Materials and Methods

This retrospective study included reports for women who underwent MRI, mammography, and/or US for breast cancer screening or diagnostic purposes at three referral centers. Reports with findings categorized as BI-RADS 1–5 and written in Italian, English, or Dutch were collected between January 2000 and October 2023. Board-certified breast radiologists and the LLMs GPT-3.5 and GPT-4 (OpenAI) and Bard, now called Gemini (Google), assigned BI-RADS categories using only the findings described by the original radiologists. Agreement between human readers and LLMs for BI-RADS categories was assessed using the Gwet agreement coefficient (AC1 value). Frequencies were calculated for changes in BI-RADS category assignments that would affect clinical management (ie, BI-RADS 0 vs BI-RADS 1 or 2 vs BI-RADS 3 vs BI-RADS 4 or 5) and compared using the McNemar test.

Results

Across 2400 reports, agreement between the original and reviewing radiologists was almost perfect (AC1 = 0.91), while agreement between the original radiologists and GPT-4, GPT-3.5, and Bard was moderate (AC1 = 0.52, 0.48, and 0.42, respectively).
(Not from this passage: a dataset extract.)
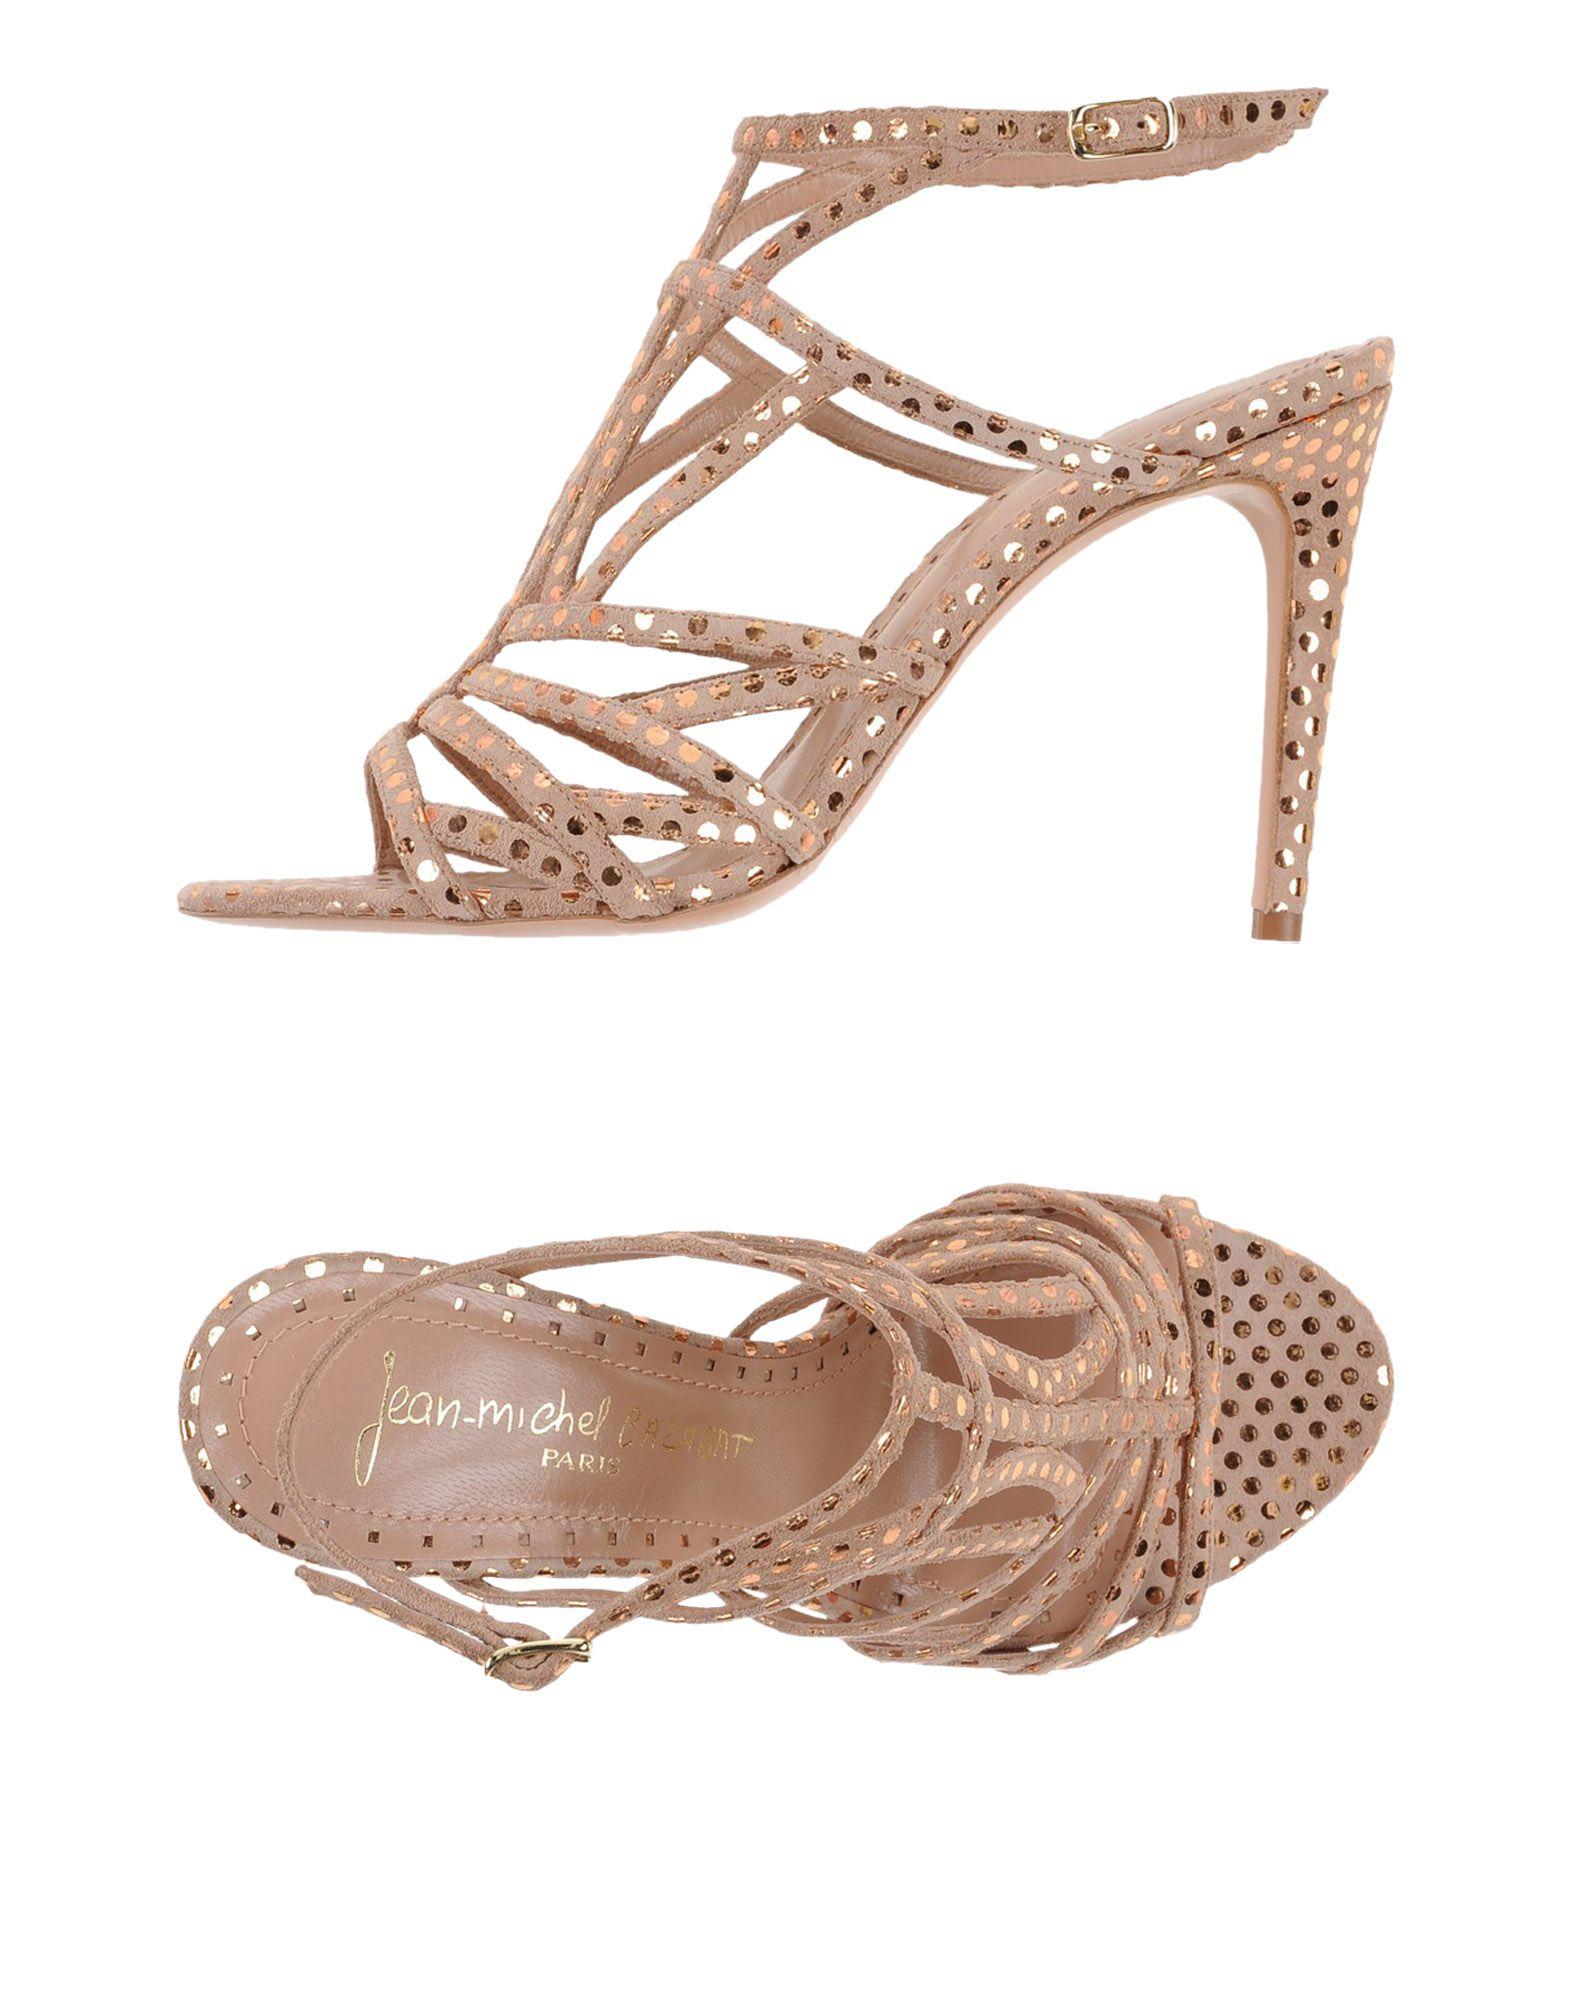 JEAN-MICHEL CAZABAT Sandals in Pale Pink

Across human readers and LLMs, differences were observed in the frequency of BI-RADS category upgrades or downgrades that would result in changed clinical management (118 of 2400 [4.9%] for human readers, 611 of 2400 [25.5%] for Bard, 573 of 2400 [23.9%] for GPT-3.5, and 435 of 2400 [18.1%] for GPT-4; P < .001) and that would negatively impact clinical management (37 of 2400 [1.5%] for human readers, 435 of 2400 [18.1%] for Bard, 344 of 2400 [14.3%] for GPT-3.5, and 255 of 2400 [10.6%] for GPT-4; P < .001).

Conclusion

LLMs achieved moderate agreement with human reader–assigned BI-RADS categories across reports written in three languages but also yielded a high percentage of discordant BI-RADS categories that would negatively impact clinical management.
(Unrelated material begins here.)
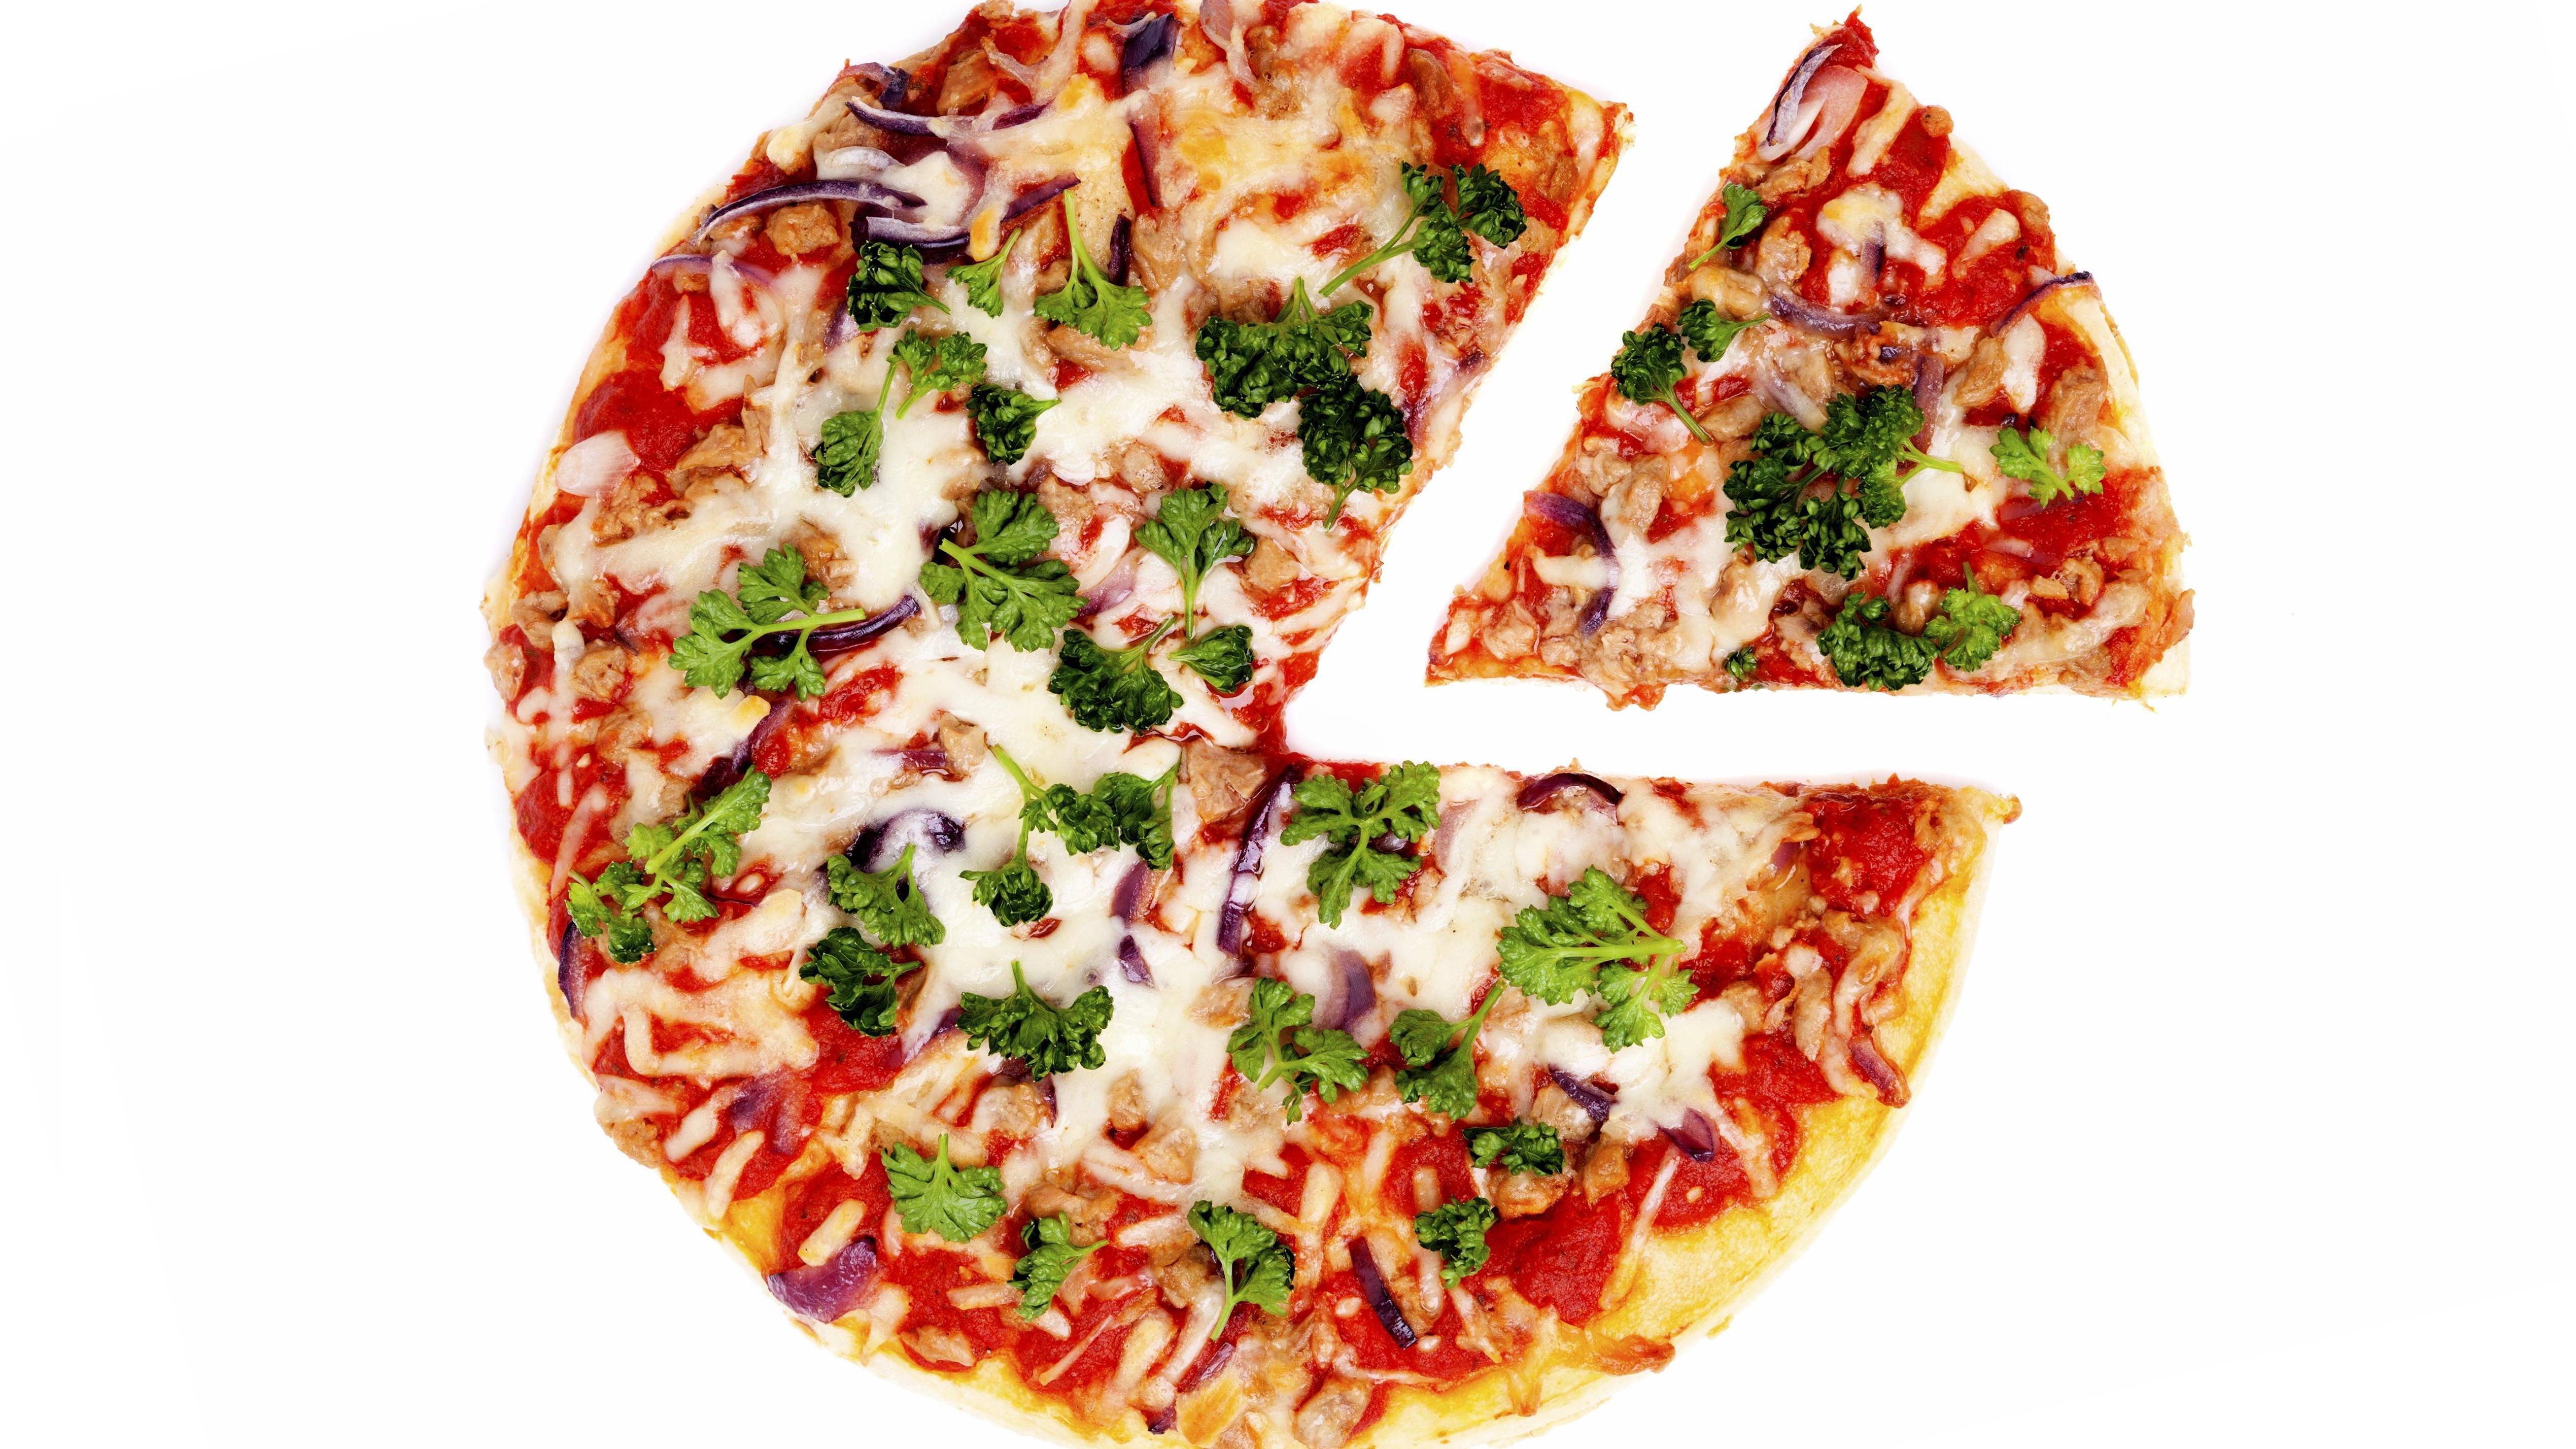 Pizza ohne Ruhen: Schnelles, leckeres Rezept

Supplemental material is available for this article.

中文翻译：

GPT-3.5、GPT-4 和 Google Bard 的 BI-RADS 类别分配：多语言研究

背景

公开的大语言模型 (LLM) 对于复杂的临床任务的性能仍不清楚。

目的

评估人类读者和法学硕士之间对基于三种语言编写的乳腺影像报告分配的乳腺影像报告和数据系统 (BI-RADS) 类别的一致性，并评估不一致的类别分配对临床管理的影响。

材料和方法

这项回顾性研究包括在三个转诊中心接受 MRI、乳房 X 光检查和/或 US 进行乳腺癌筛查或诊断目的的女性的报告。 2000 年 1 月至 2023 年 10 月期间收集的结果报告被归类为 BI-RADS 1-5，并以意大利语、英语或荷兰语撰写。委员会认证的乳腺放射科医生以及法学硕士 GPT-3.5 和 GPT-4 (OpenAI) 以及巴德，现在称为 Gemini（Google），仅使用原始放射科医生描述的发现来分配 BI-RADS 类别。使用 Gwet 一致性系数（AC1 值）评估人类读者和法学硕士之间对于 BI-RADS 类别的一致性。计算影响临床管理的 BI-RADS 类别分配变化的频率（即 BI-RADS 0 与 BI-RADS 1 或 2 与 BI-RADS 3 与 BI-RADS 4 或 5），并使用 McNemar 检验进行比较。

结果

在 2400 份报告中，原始放射科医生与审查放射科医生之间的一致性几乎是完美的（AC1 = 0.91），而原始放射科医生与 GPT-4、GPT-3.5 和 Bard 之间的一致性是中等的（AC1 分别 = 0.52、0.48 和 0.42））。在人类读者和法学硕士中，观察到 BI-RADS 类别升级或降级的频率存在差异，这将导致临床管理的改变（人类读者 2400 名中的 118 名 [4.9%]，巴德 2400 名中的 611 名 [25.5%]，573 名） GPT-3.5 为 2400 [23.9%]，GPT-4 为 2400 [18.1%] 为 435；P < .001），这将对临床管理产生负面影响（人类读者为 2400 中的 37 人 [1.5%]，为人类读者的 435 人） Bard 为 2400 [18.1%]，GPT-3.5 为 2400 中的 344 [14.3%]，GPT-4 为 2400 中的 255 [10.6%]；P < .001）。